Next, I’ll remove those stopwords.
# remove stopwords from our tokens object
afghanistan_tokens <- tokens_select(afghanistan_tokens,
pattern = stopwords("en"),
selection = "remove")
print(afghanistan_tokens)
## Tokens consisting of 3,442 documents and 11 docvars.
## text1 :
## [1] "Rambo" "version" "story" "Trump" "telling" "deep" "state"
## [8] "trying" "screw" "media" "bad" "rich"
## [ ... and 2 more ]
##
## text2 :
## [1] "Sign" "Watching" "newsletter" "get"
## [5] "recommendations" "best" "films" "TV"
## [9] "shows" "stream" "watch" "delivered"
## [ ... and 1 more ]
##
## text3 :
## [1] "least" "87" "pro-government" "forces"
## [5] "12" "civilians" "killed" "Afghanistan"
## [9] "past" "week" "violent" "incidents"
## [ ... and 88 more ]
##
## text4 :
## [1] "TOKYO" "Carlos" "Ghosn" "aided" "escape"
## [6] "Japan" "American" "security" "consultant" "accompanied"
## [11] "flight" "country"
## [ ... and 15 more ]
##
## text5 :
## [1] "reading" "week's" "War" "newsletter" "Sign"
## [6] "get" "delivered" "inbox" "every" "Friday"
## [11] "Email" "us"
## [ ... and 1 more ]
##
## text6 :
## [1] "changed" "shape" "Syrian" "civil" "war" "tightened"

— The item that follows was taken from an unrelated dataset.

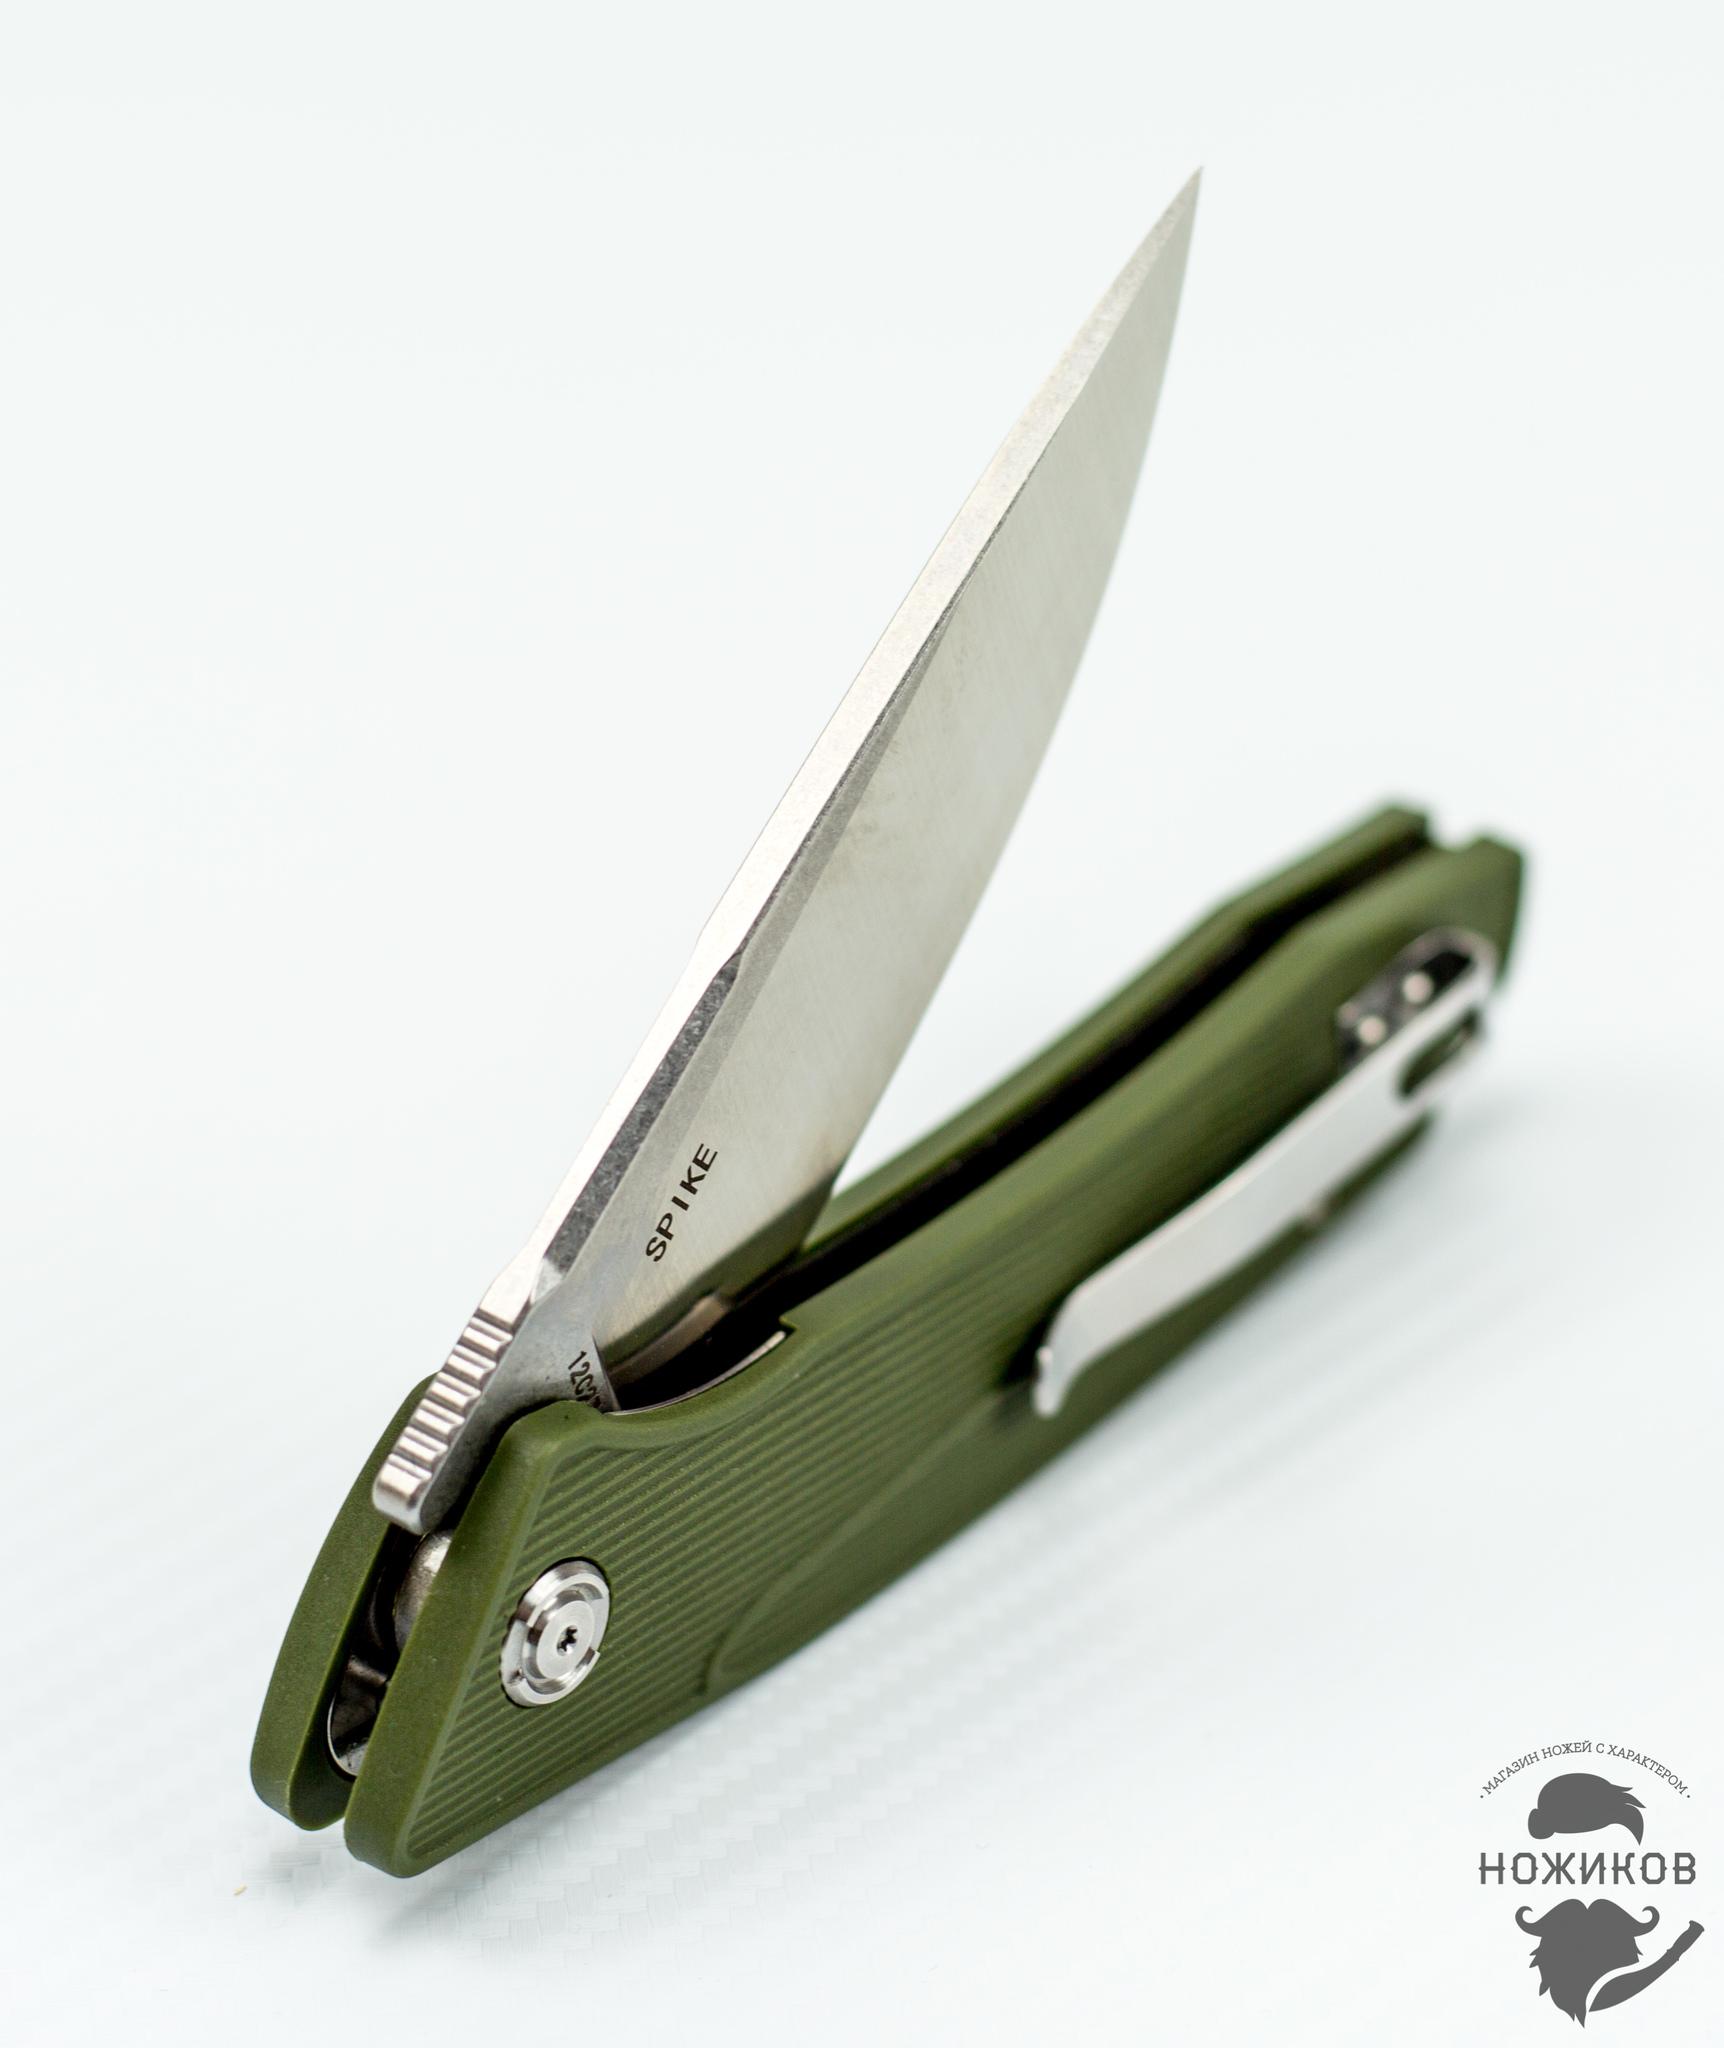 Фото 6 - Складной нож Bestech Spike BG09B-2, сталь Sandvik 12C27 от Bestech Knives
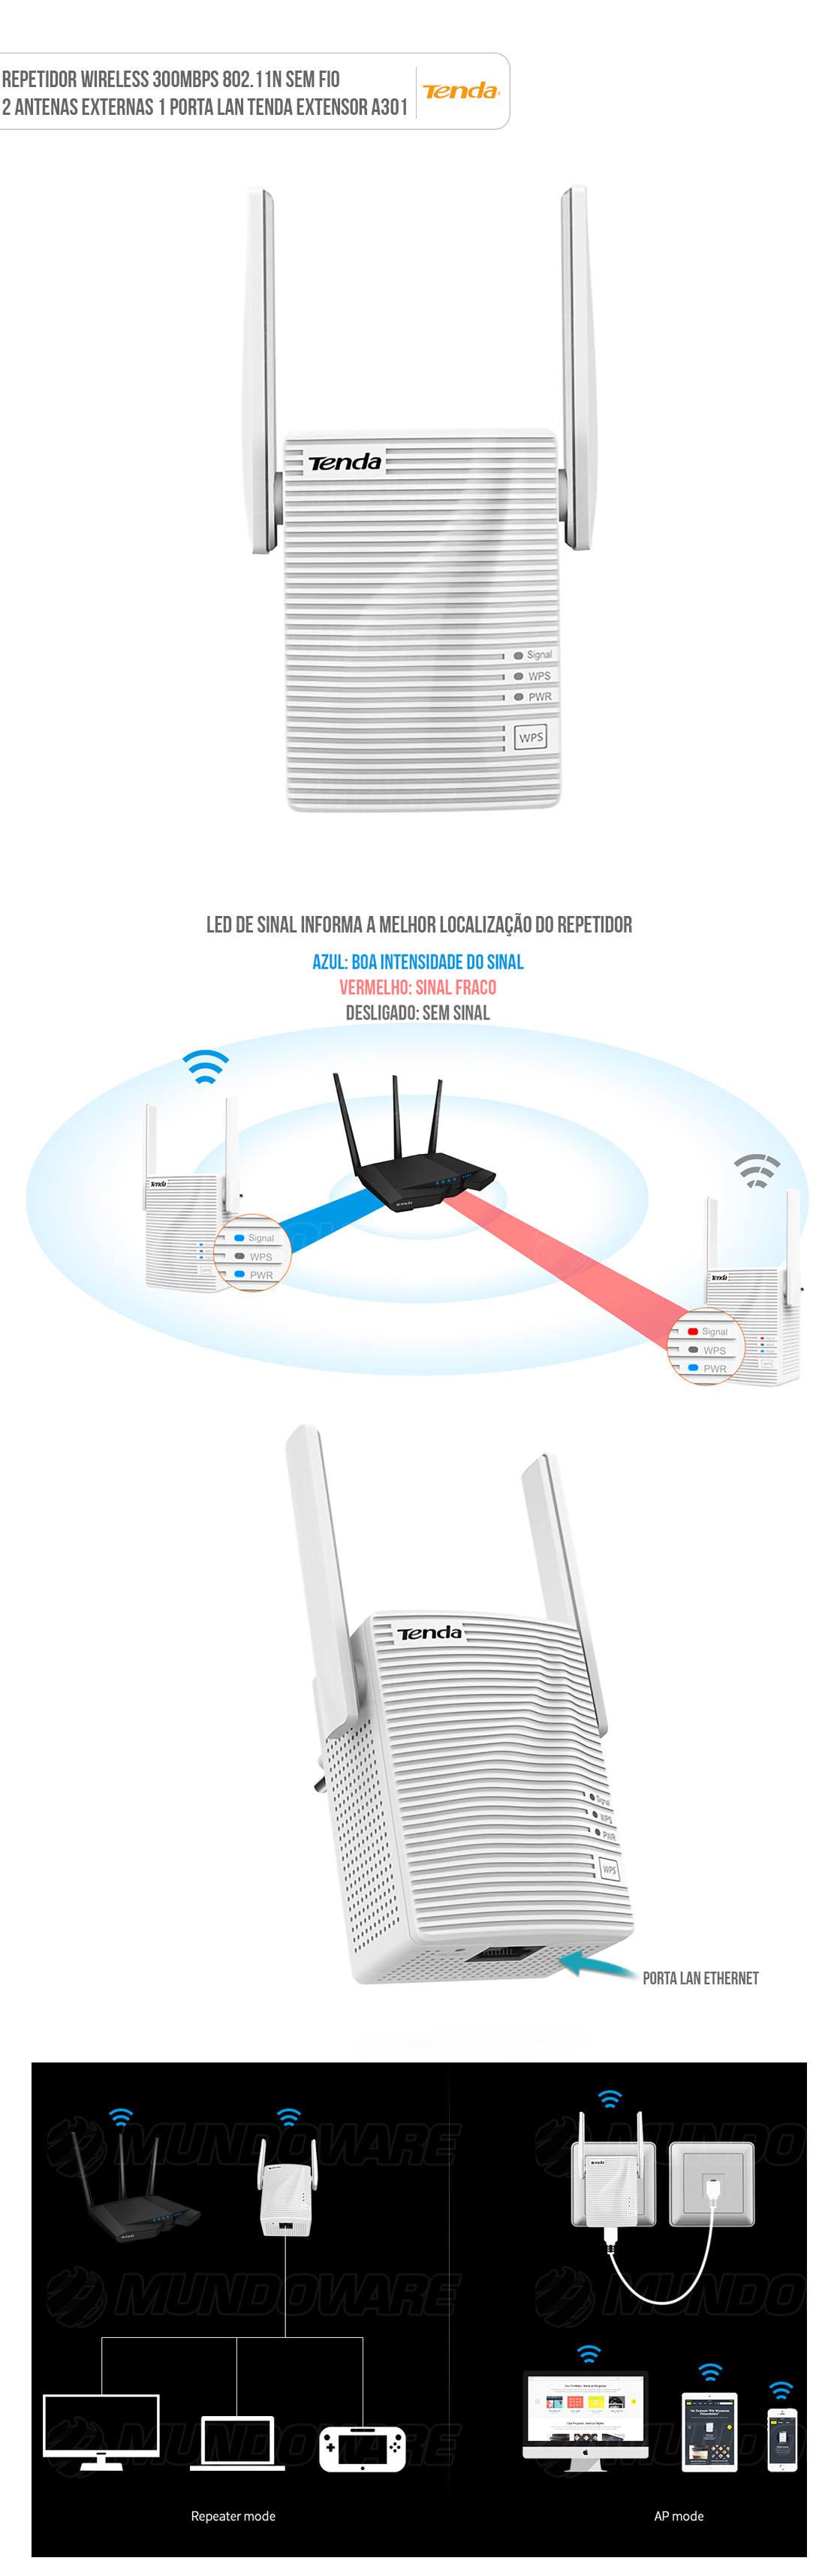 Repetidor Wireless 300Mbps 802.11N com 2 Antenas Externas e 1 Porta LAN Tenda Extensor Sem Fio A301

## [7] "Iran's" "grip" "Iraq" "behind" "hundreds" "American"
## [ ... and 20 more ]
##
## [ reached max_ndoc ... 3,436 more documents ]
I will install the package from our course tutorials for week 7:
library(devtools)
## Warning: package 'devtools' was built under R version 4.1.3
## Loading required package: usethis
devtools::install_github("kbenoit/quanteda.dictionaries")
## Skipping install of 'quanteda.dictionaries' from a github remote, the SHA1 (b3c91606) has not changed since last install.
## Use `force = TRUE` to force installation
library(quanteda.dictionaries)
devtools::install_github("quanteda/quanteda.sentiment")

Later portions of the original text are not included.